Profiling slow imports in Python
This week at $WORK
I went on a bit of a side quest investigating why pytest collection was so slow.
Just running pytest --collect-only
from our project root was taking a painfully long time.
Following the advice on: awesome-pytest-speedup I discovered imports were taking up a significant amount of time after running:
python -X importtime -m pytest &> profile
And pasting the output in a nice profile viewer: https://kmichel.github.io/python-importtime-graph
The output of which looks something like this:
On surprising culprit I found was the stripe
library. Take the following example script:
import stripe # noqa
def main():
print('hello world')
if __name__ == "__main__":
main()
If we compare benchmark this script against a standard hello world program the results are pretty shocking
$ hyperfine --warmup 10 'python main.py' 'python with_stripe.py'
Benchmark 1: python main.py
Time (mean ± σ): 14.5 ms ± 0.4 ms [User: 10.9 ms, System: 3.4 ms]
Range (min … max): 13.6 ms … 17.3 ms 190 runs
Benchmark 2: python with_stripe.py
Time (mean ± σ): 761.0 ms ± 4.4 ms [User: 722.8 ms, System: 33.9 ms]
Range (min … max): 754.2 ms … 768.0 ms 10 runs
Summary
python main.py ran
52.58 ± 1.64 times faster than python with_stripe.py
The seemingly innocuous stripe import takes a whopping 761ms to complete
Not only will this slow down pytest
collection, but it will also impact the startup speed of any applications or scripts that transitively depend on stripe.
Unless you've carefully architected your application, you might find that a lot of code paths are impacted.
Solutions
Lazy Imports 🥱
One solution here to lazily defer this import so that it happens at runtime. E.g:
STRIPE = None
def _stripe():
global STRIPE
if STRIPE is None:
import stripe
return stripe
return STRIPE
Any code that needs to use the stripe
namespace can instead do:
def create_product():
# Trigger the import
stripe_client = _stripe()
starter_subscription = stripe_client.Product.create(
name="Starter Subscription",
description="$12/Month subscription",
api_key=API_KEY
)
The trade-off here is that we've traded the upfront penalty of loading this library ahead of time to incucring the cost at runtime.

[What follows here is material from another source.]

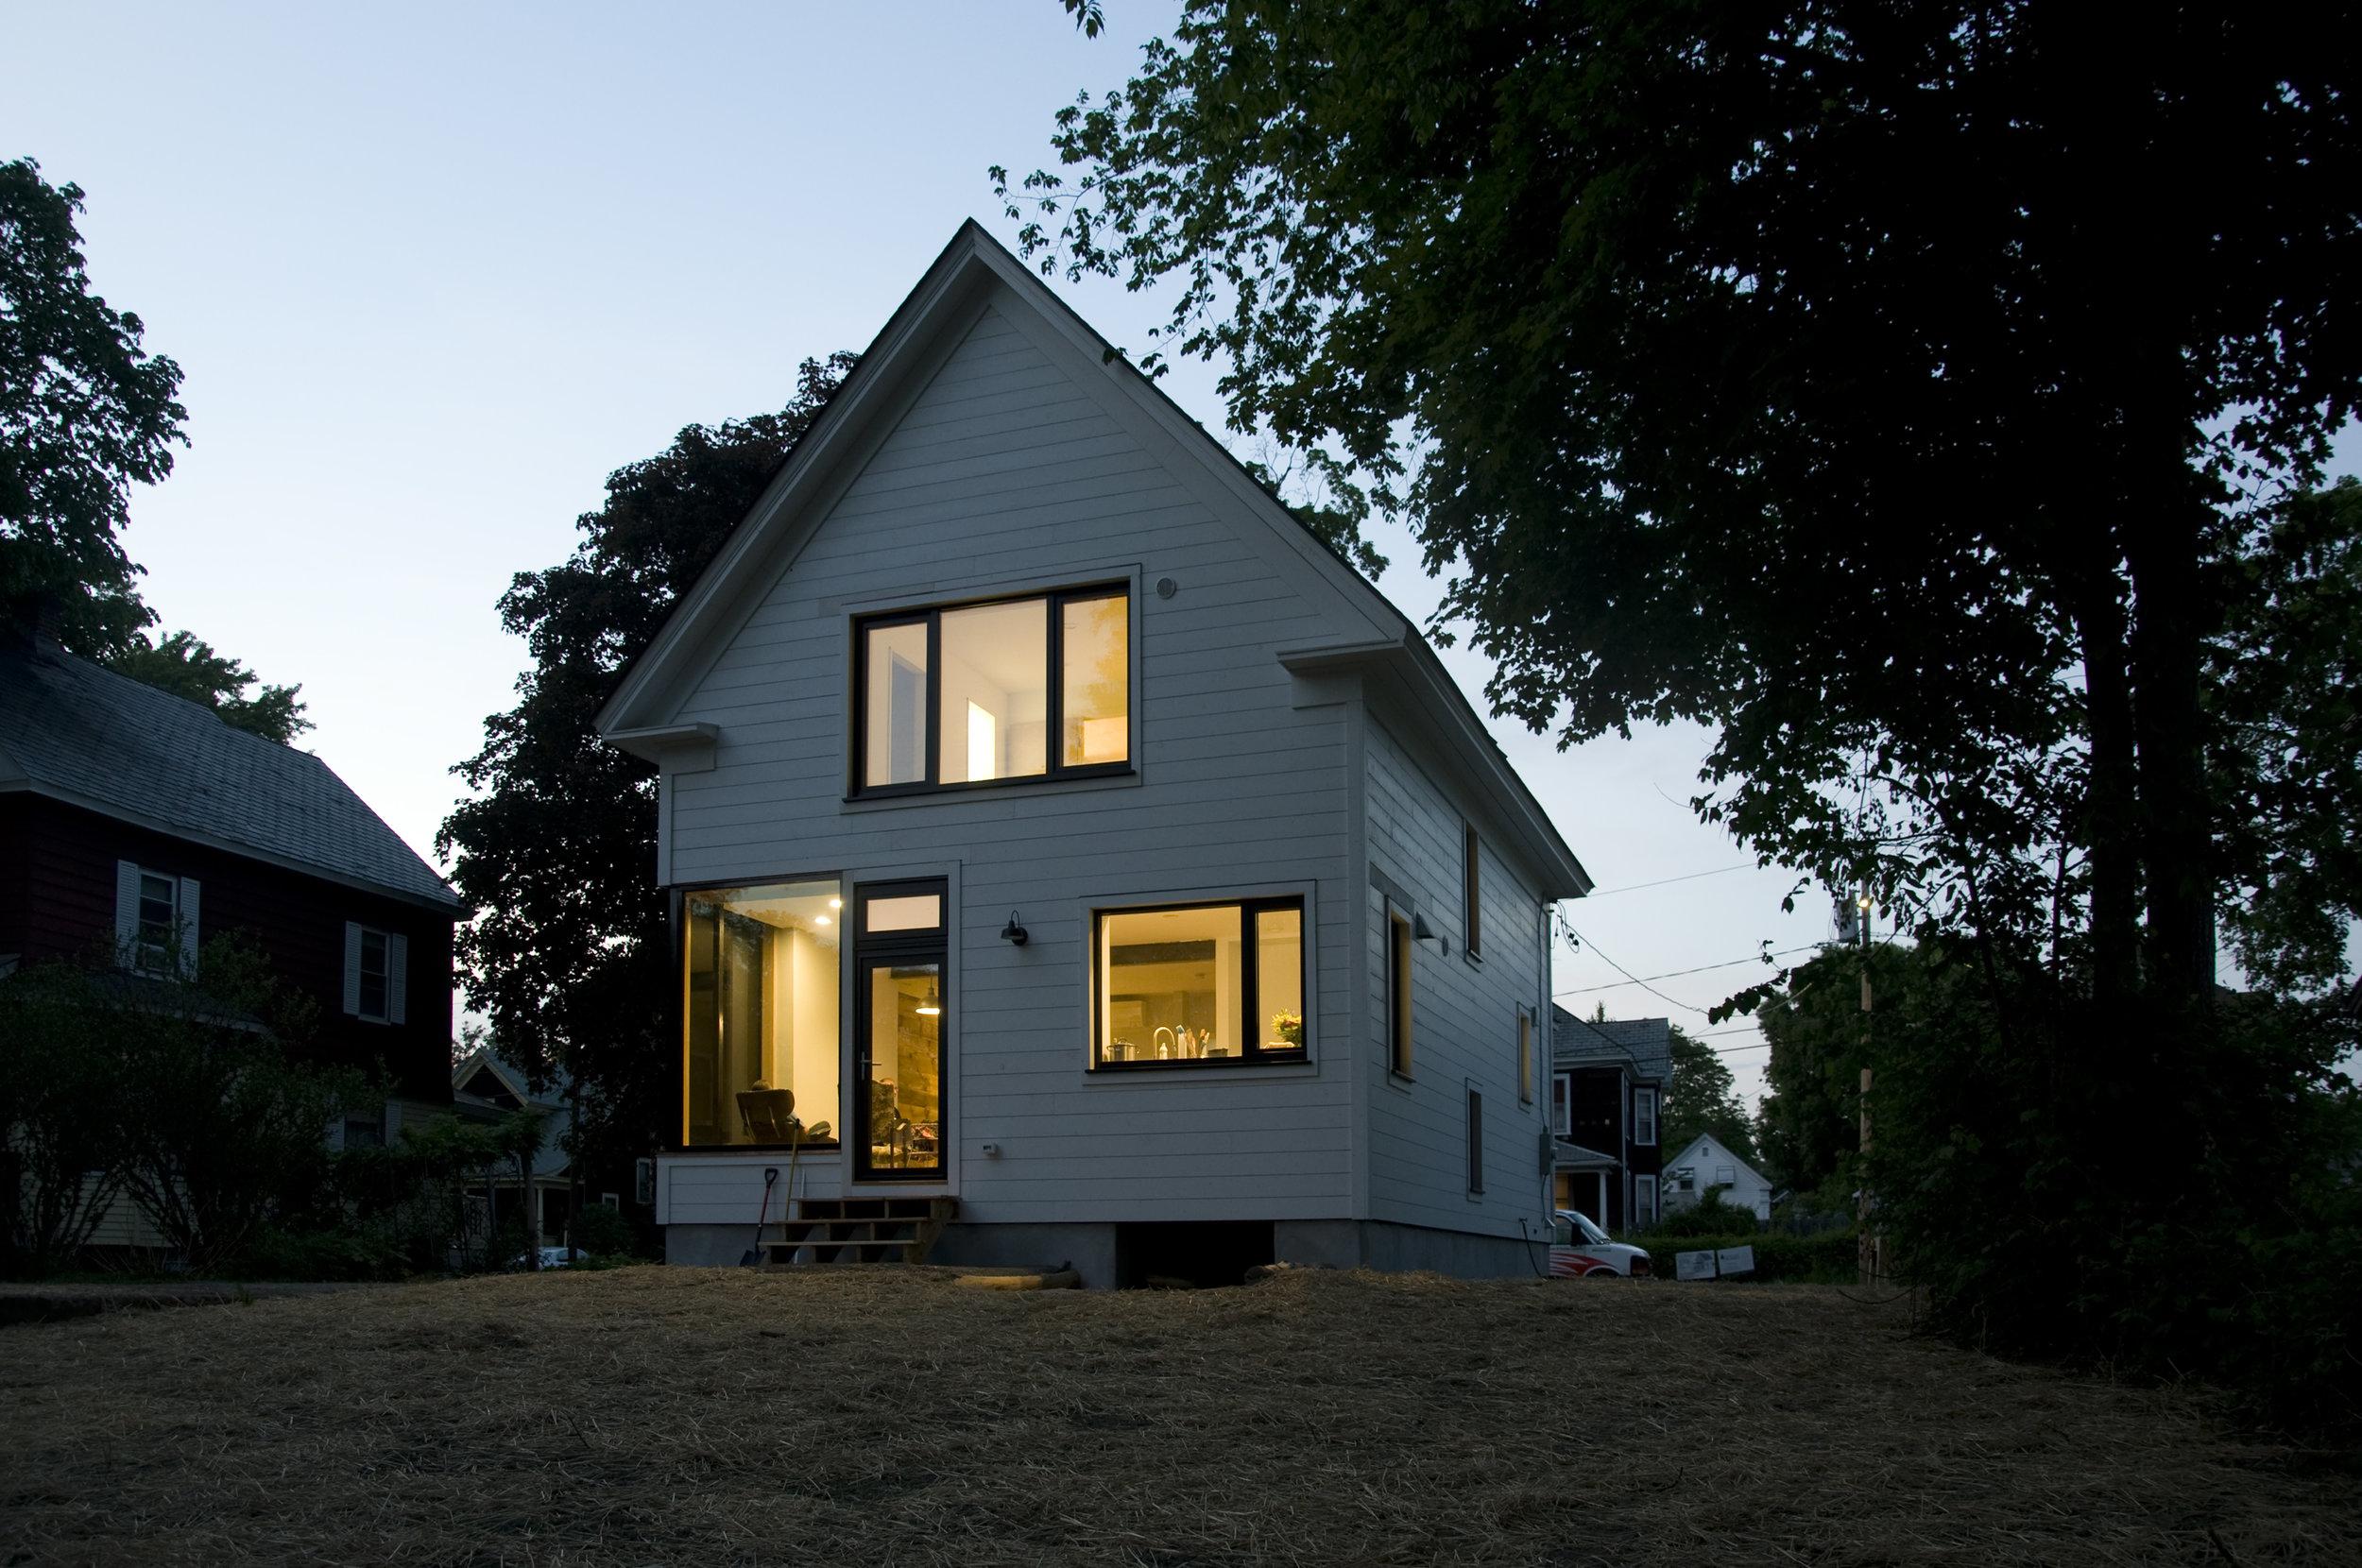 Greenfield High Performance Home - Robert Swinburne Architect - Vermont Natural Homes

So our app might start faster, and tests might be collected faster, but any test or request that makes a call to the create_product()
function will still incur the 700ms overhead of importing the stripe
module.
Roll your own 🧵
It might be worth considering whether you really need to be importing this entire library in the first place.
In the case of stripe, if you're only using a subset of functionality, it might be trivial to instead call their REST API directly, and come up with your own wrapper/bindings.
Conclusion
I knew Pythons import system was slow, and I knew third party modules are often pretty bloated. But I was pretty shocked to see just how slow things could get.
At my $WORK
stripe
isn't the only culprit, there's many other big name offenders.
Typically you'll encounter a problem (I need to interact with a payment provider), pull in a library and go about your day.
On the face of it the library appears to be completely harmless. You'll probably not notice any tangible difference in start-up time before/after.
One day you'll realise your app is slow as molasses because you've got x10 third party modules all with their own associated overhead.
I guess the takeaway (obvious in hindsight) is that everything you import has a cost. In the future I'll think twice before pulling in a dependency or not, and consider whether it's really worth the tradeoff.